Вихров поднялся из кресла, и его тут же занял бесшумно появившийся врач. Быстро набрав короткую строку «Факт смерти командира корабля, диагноз заболевания и причины его возникновения подтверждаю. Первый ассистент главного врача линкора-ноль «Одиссей», военврач первого класса, полковник медицинской службы Космического флота Земли Кокошко Виталий Сергеевич».

Спустя секунду под этой строкой появилась подпись врача.

«Вот и все! – почему-то вдруг подумал Игорь и тут же с внезапной яростью оборвал сам себя: – Нет, не все! Совсем не все!!! Мы еще… покувыркаемся!!!»

Кокошко поднялся из кресла, посмотрел на молодого офицера долгим взглядом и с неожиданной улыбкой проговорил:

– Мне кажется, вы справитесь…

И тут же перешел на другое:

– Пойду посмотрю, во что можно одеть Старика… Так отправлять его… к Звезде… не годится!

Кокошко снова ушел в спальню, а Игорь, не выключая компьютера, вызвал Главный центр управления:

– Младший лейтенант, ответьте капитану Вихрову!

– Слышу вас! – немедленно отозвался Владимир. – Какие будут приказания?

В тоне четвертого ассистента командира корабля сквозила эдакая гусарская лихость и бесшабашность, настолько не соответствовавшая моменту, что у Вихрова засосало под ложечкой от желания осадить мальчишку. Но он сдержался, всего лишь перейдя на сугубо официальный тон:

– Господин младший лейтенант, прошу вас подготовить один из малых десантных ботов, базирующихся на первой причальной палубе. Особое внимание обратите на заправку горючим и обеспечение работы навигационного оборудования в автоматическом режиме!
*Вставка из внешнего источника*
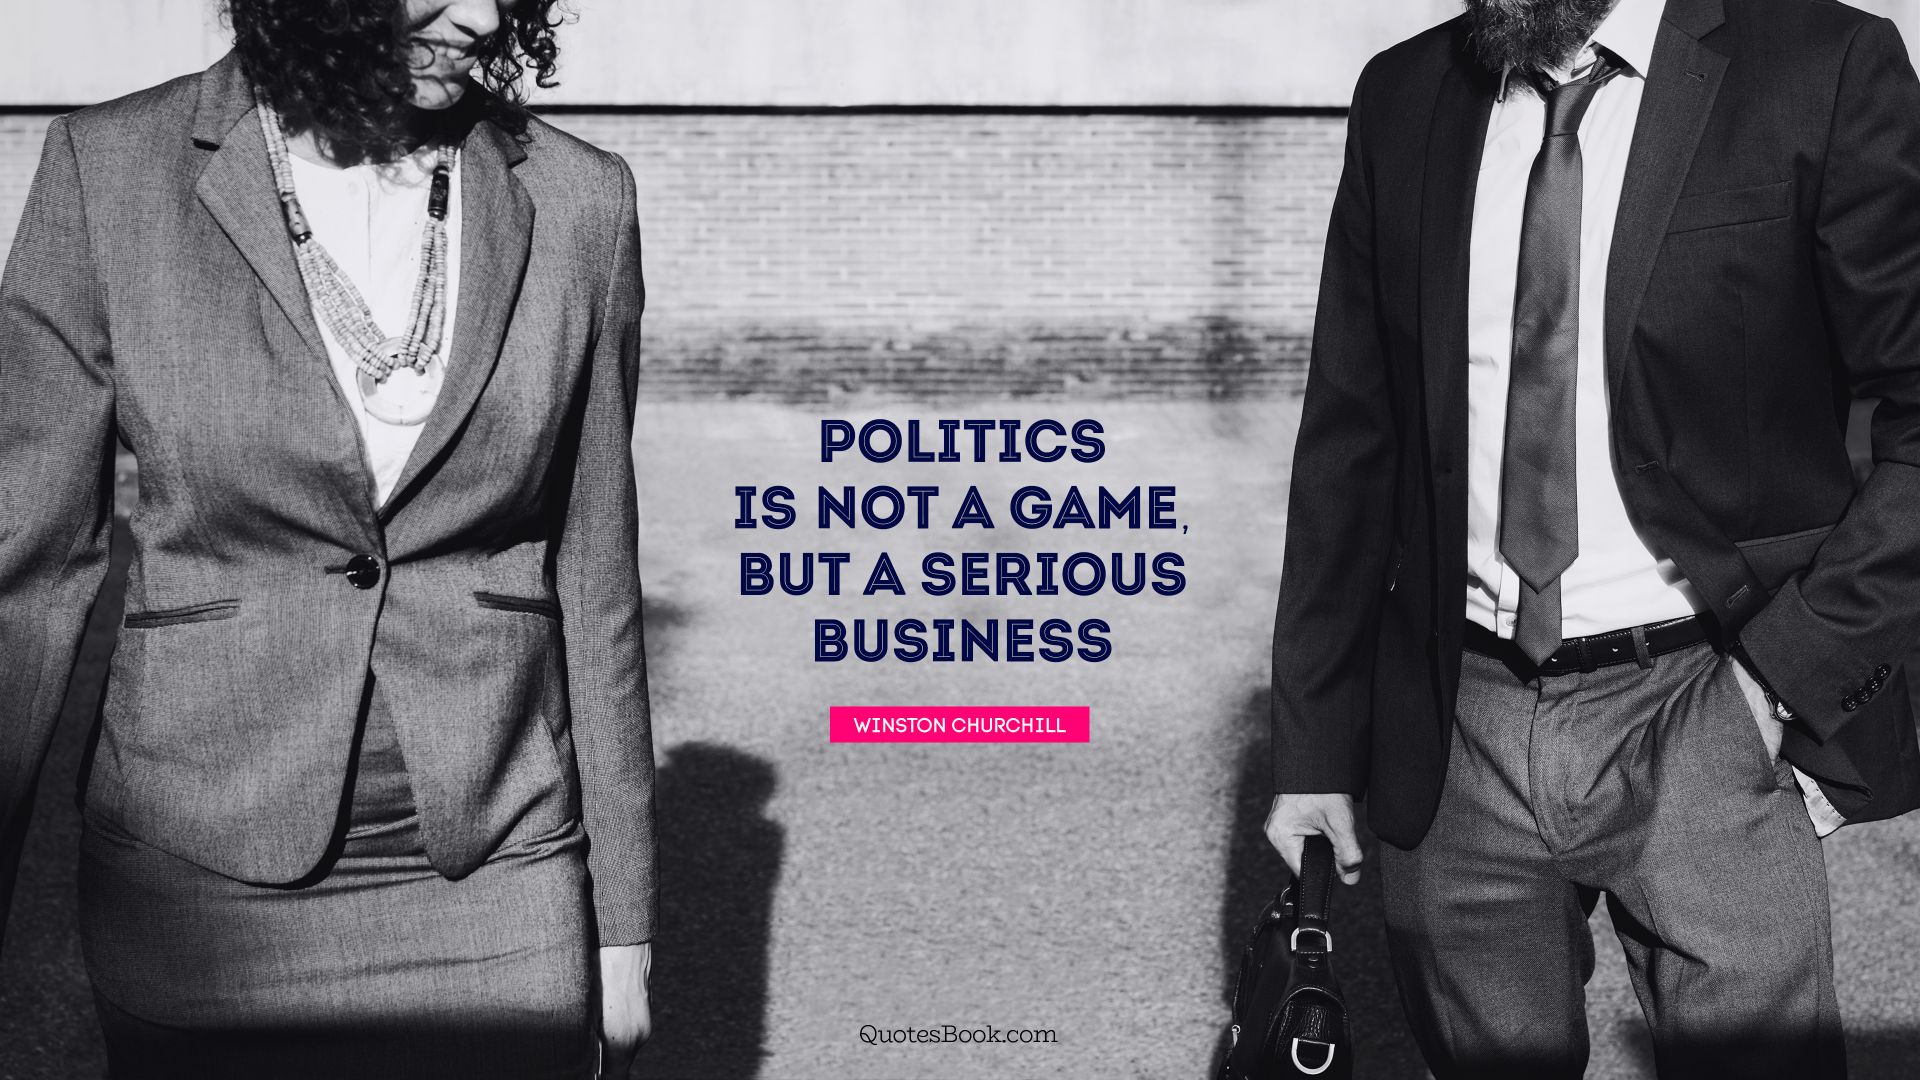 Politics is not a game, but a serious business. - Quote by Winston Churchill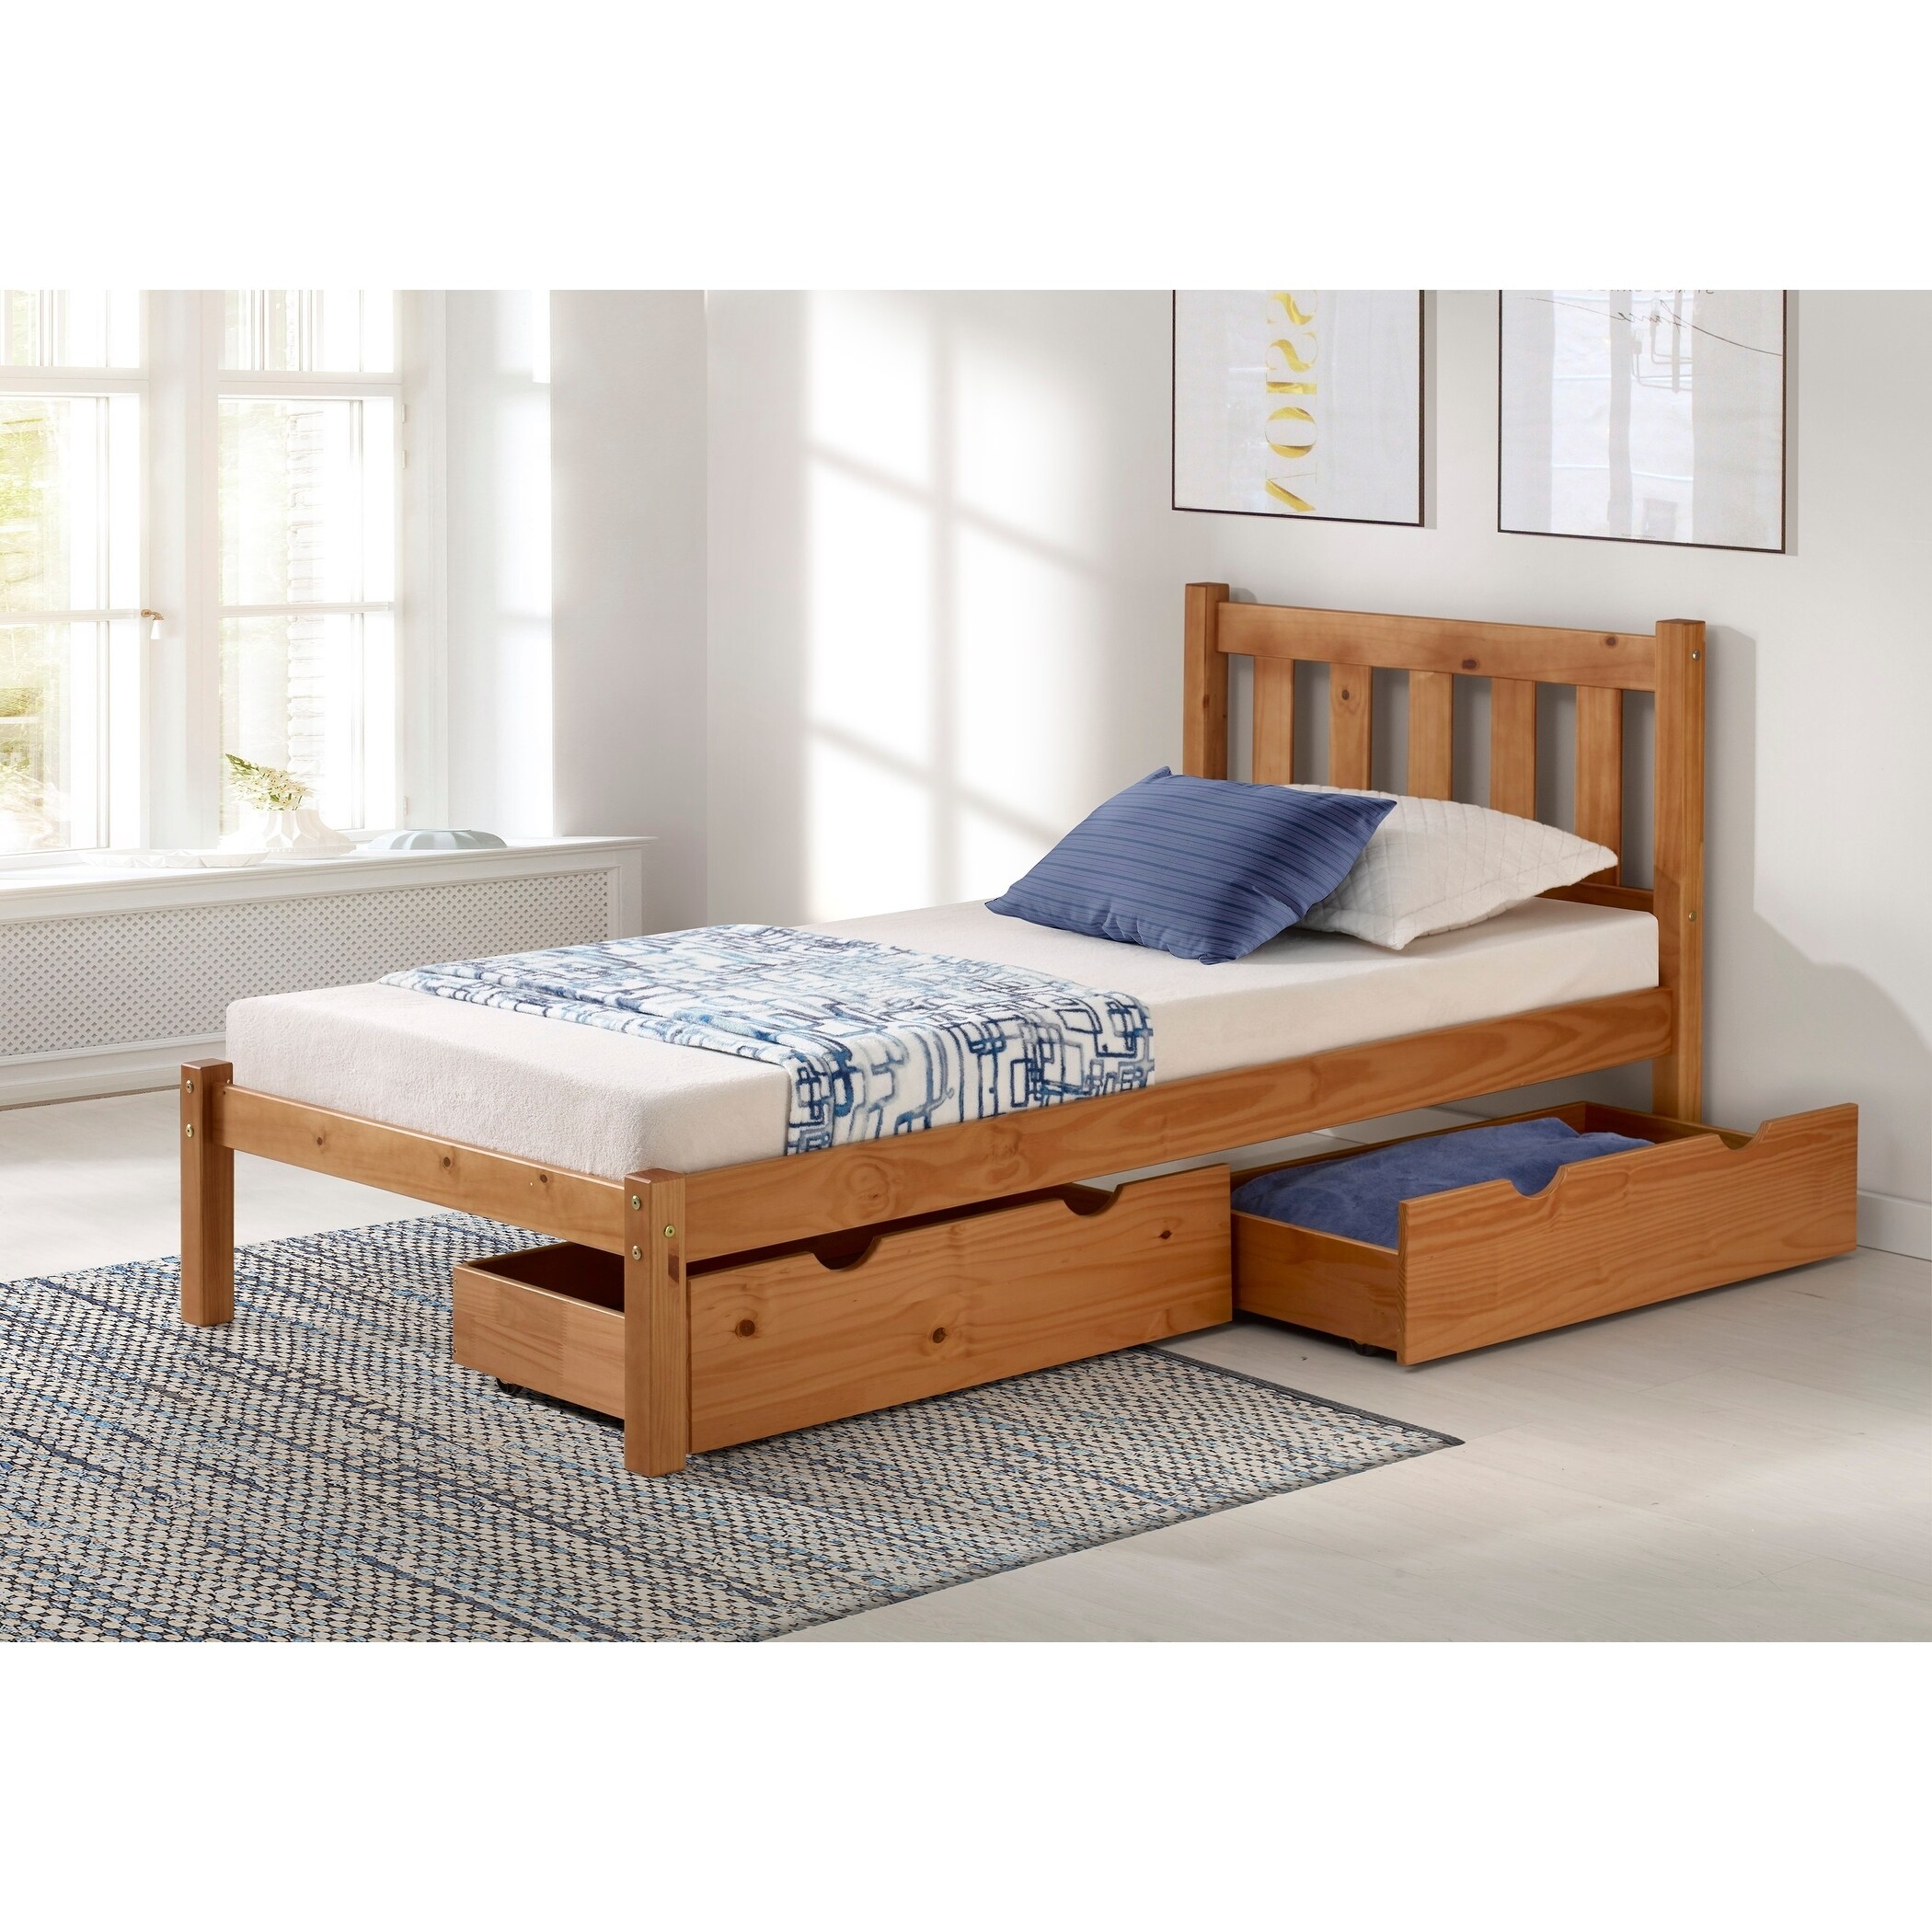 Shop Poppy Solid Wood Twin Or Full Size Bed On Sale Overstock

– Господин навигатор-три, – сразу же посерьезнел Ежов, – можно спросить, кто и куда летит?..

Игорь секунду помолчал, а затем, стараясь сохранять спокойствие, произнес:

– Командир корабля летит… к Звезде!..

– Понял!.. – враз осевшим голосом проговорил младший лейтенант, кашлянул, словно проталкивая возникший в горле ком, и спросил: – Разрешите выполнять?..

– Выполняйте! Доложите, как только все будет готово!

Вихров отключился и снова повернулся к компьютерному блоку.

«Прошу вывести положение корабля и динамику его движения по отношению к ближайшей звезде на данный момент плюс два часа».

После небольшой паузы на экране дисплея начала появляться затребованная им информация. Игорь погрузился в расчеты траектории возвращения к пройденному «Одиссеем» красному гиганту для «стрижа». Спустя двадцать минут стало ясно, что если бот стартует в заданное Вихровым время, то горючего на его борту едва-едва хватит, чтобы вывести кораблик на расчетную орбиту, а на звезду он должен будет упасть через шесть с лишним месяцев полета!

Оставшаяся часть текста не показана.